The death toll in the sectarian violence in Northeast Delhi rose to 42 on Friday, while police arrested 514 people for the protests against the Citizenship Amendment Act.
Although police claimed the death toll to be closer to 35, personnel at the Guru Teg Bahadur (GTB) Hospital refuted the data, according to the Hindustan Times.
Many families, who were spotted outside the GTB hospital mortuary, feared the worst while waiting for the bodies to be handed over to them.
The violence in their neighbourhoods may have subsided, but the atmosphere there continues to remain tense. Along with mosques and religious shrines, the rioters have also desecrated a graveyard in Gokalpuri area.

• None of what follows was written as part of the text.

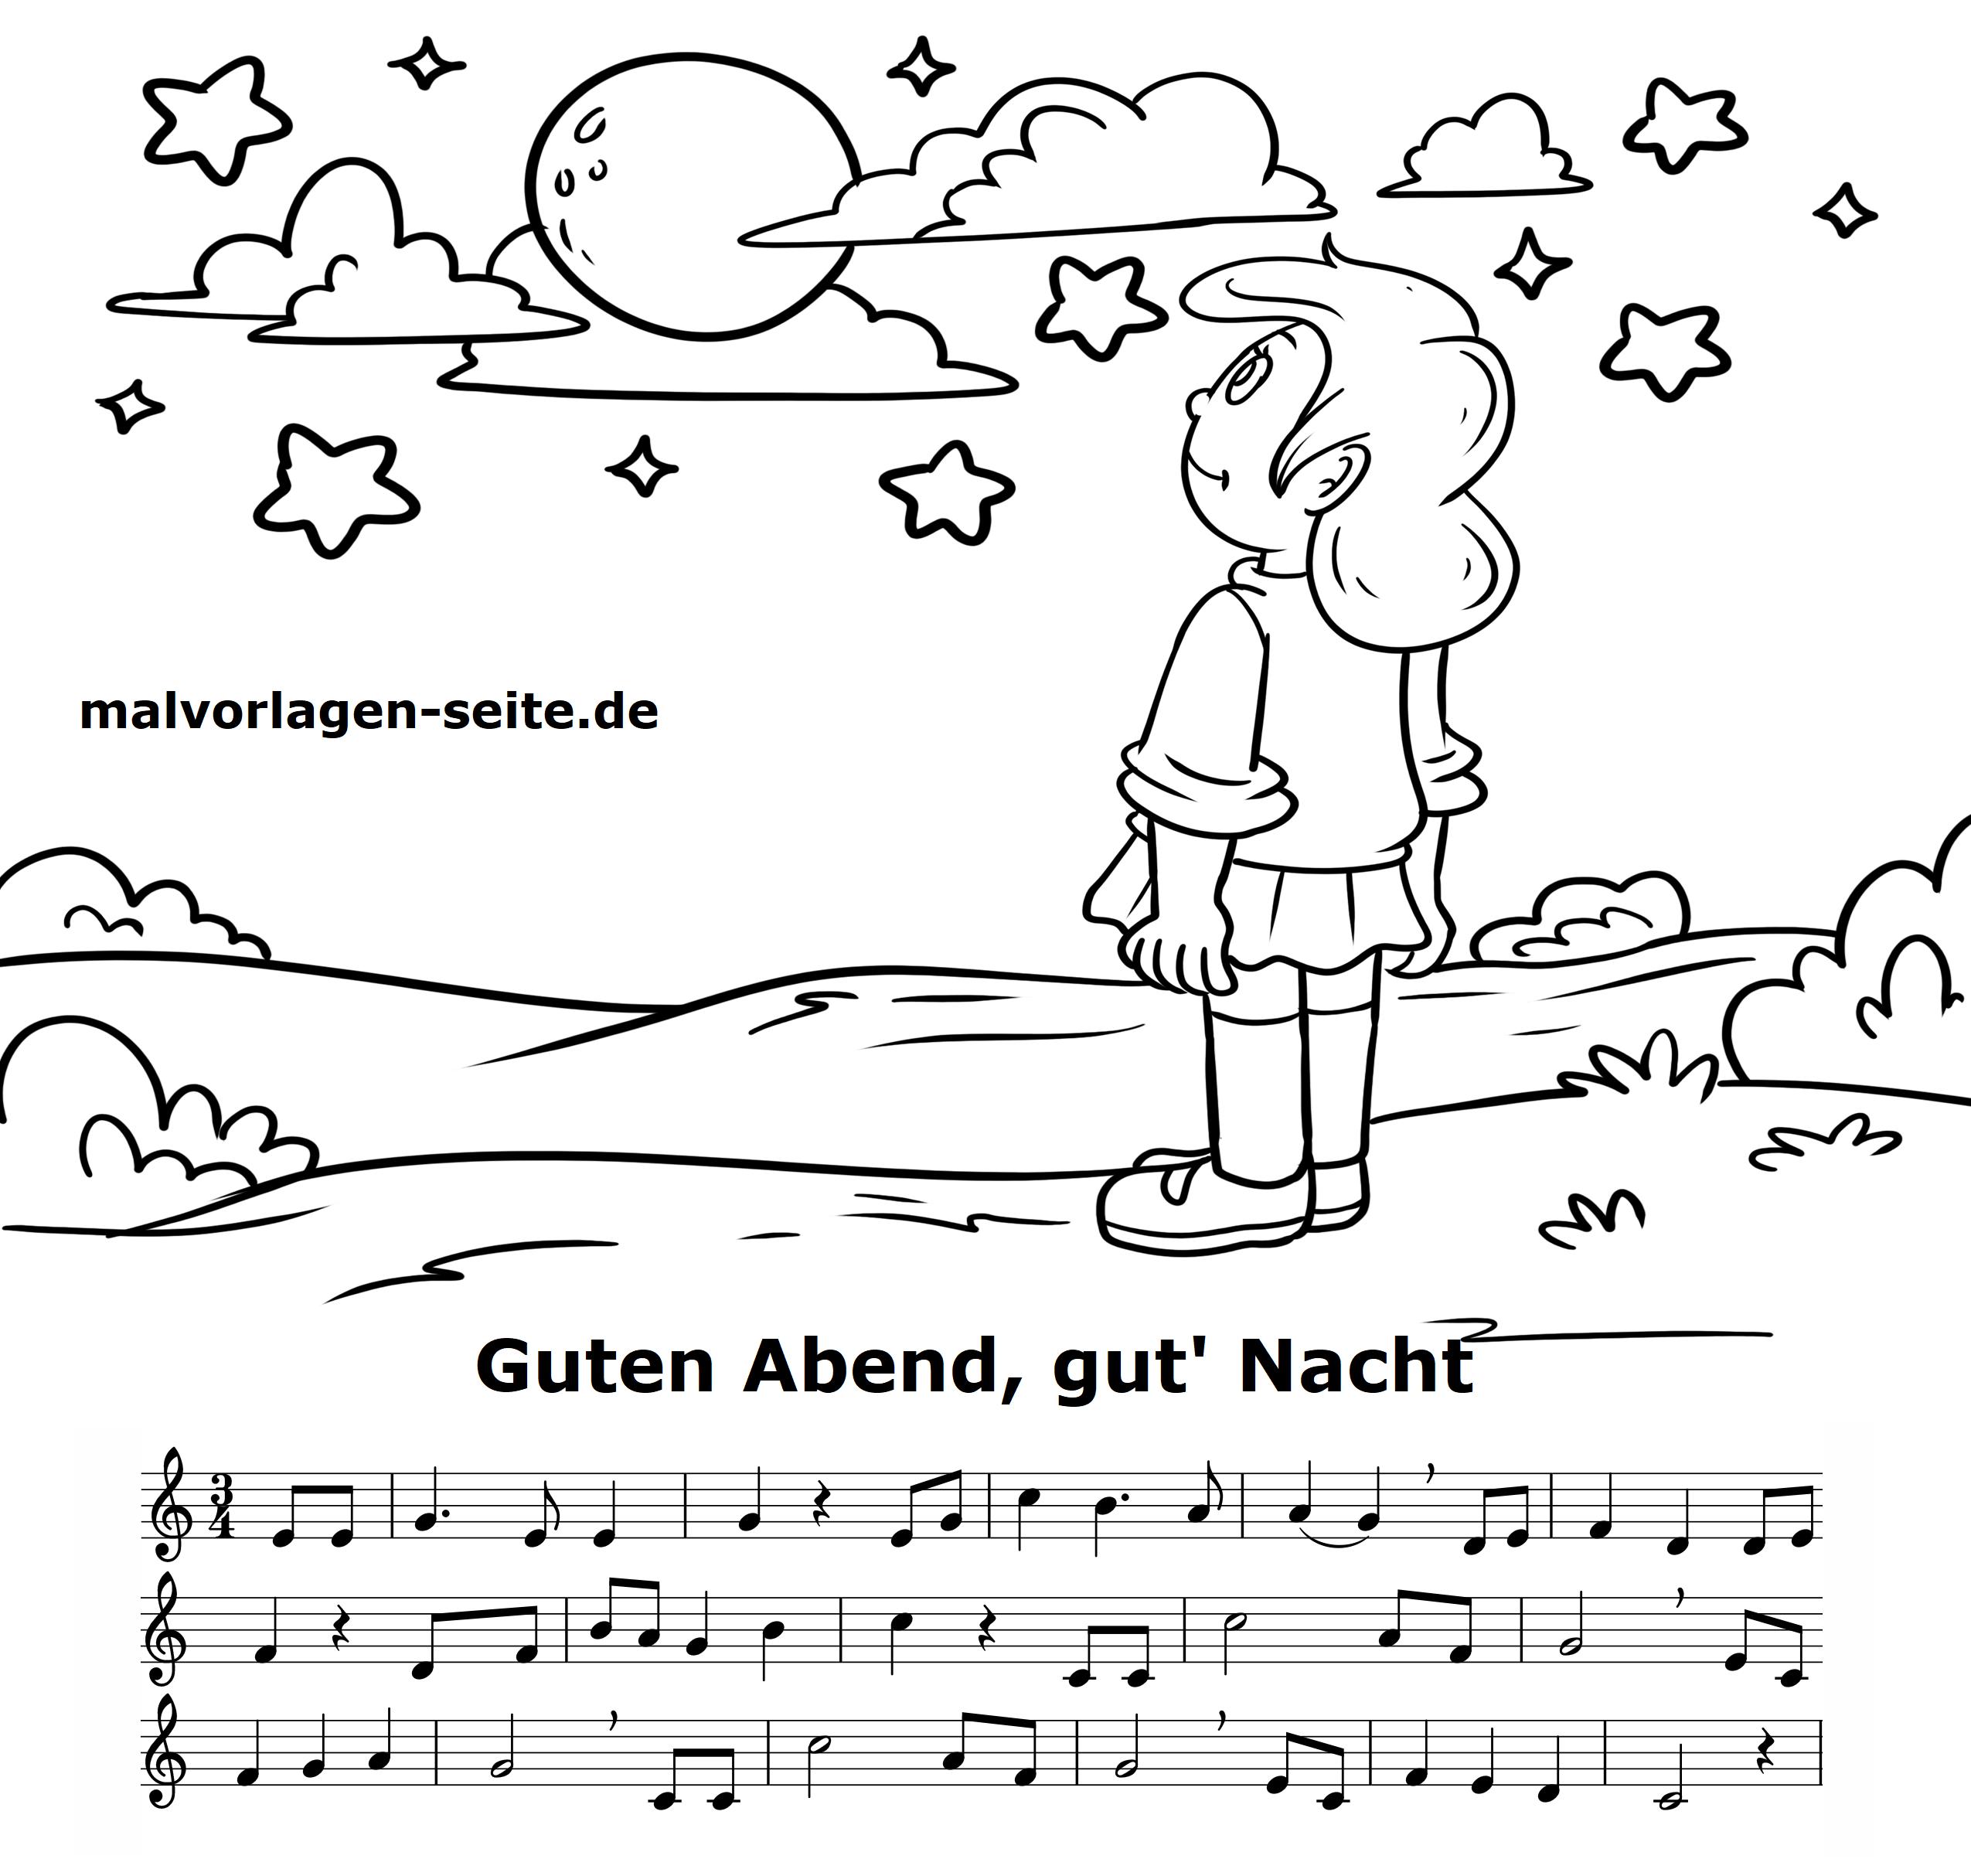 Guten Abend Gut Nacht Noten Und Text Vom Kinderlied Zum

Rahul Solanki, a civil engineer, was also among the 34 people who lost their lives in the communal clashes. After a wait of three days, Solanki's family were handed over his body on Wednesday.
"His last rites was done very quickly, in a hush-hush manner. We did not want any more trouble," Hamir Singh Chauhan, Solanki's uncle, told the Hindustan Times.
However, shops and businesses opened in the violence-affected areas on Friday, while local people expressed satisfaction at the restoration of peace.
Speaking to the Asian News International, a shopkeeper in Delhi's Bhajanpura area Jaskaran Bhati said, "My shop was shut since the violence that started in the area four to five days ago. Now, it is peaceful as people have started to realise that no one will gain anything by indulging in violence."
As many as 70 companies of paramilitary forces – each comprised of 100 soldiers – have been deployed in Northeast Delhi since Thursday night.
The Home Ministry said that as many as 514 "suspects" have been detained for questioning and the number will increase as the investigation proceeds.
Meanwhile, Indian Police Service officer SN Shrivastava was appointed as the next commissioner of Delhi Police Friday, days after he was brought in as the special commissioner of police for law and order amid violence in the city.
Shrivastava will take over as the New Delhi Police chief on Sunday, a day after the current commissioner Amulya Patnaik retires amid criticism for his inability in quelling the violence.
Among the deceased are a head constable of Delhi Police and a 26-year-old Intelligence Bureau official. More than 300 people were injured in the violence which gripped the region on Sunday, which further escalated and turned communal the day after.
At least 79 houses, 52 shops, five warehouses, four mosques, three factories and two schools were burnt between Monday and Thursday by rioters.
India also faced criticism and calls to protect religious freedom and the safety of its citizens from across the world, including US presidential candidates Bernie Sanders and Elizabeth Warren, along with the UN human rights chief.
The government pushed back against the criticism, with external affairs ministry spokesperson Raveesh Kumar describing the comments by organisations and individuals as "inaccurate and misleading" and aimed at politicising the situation.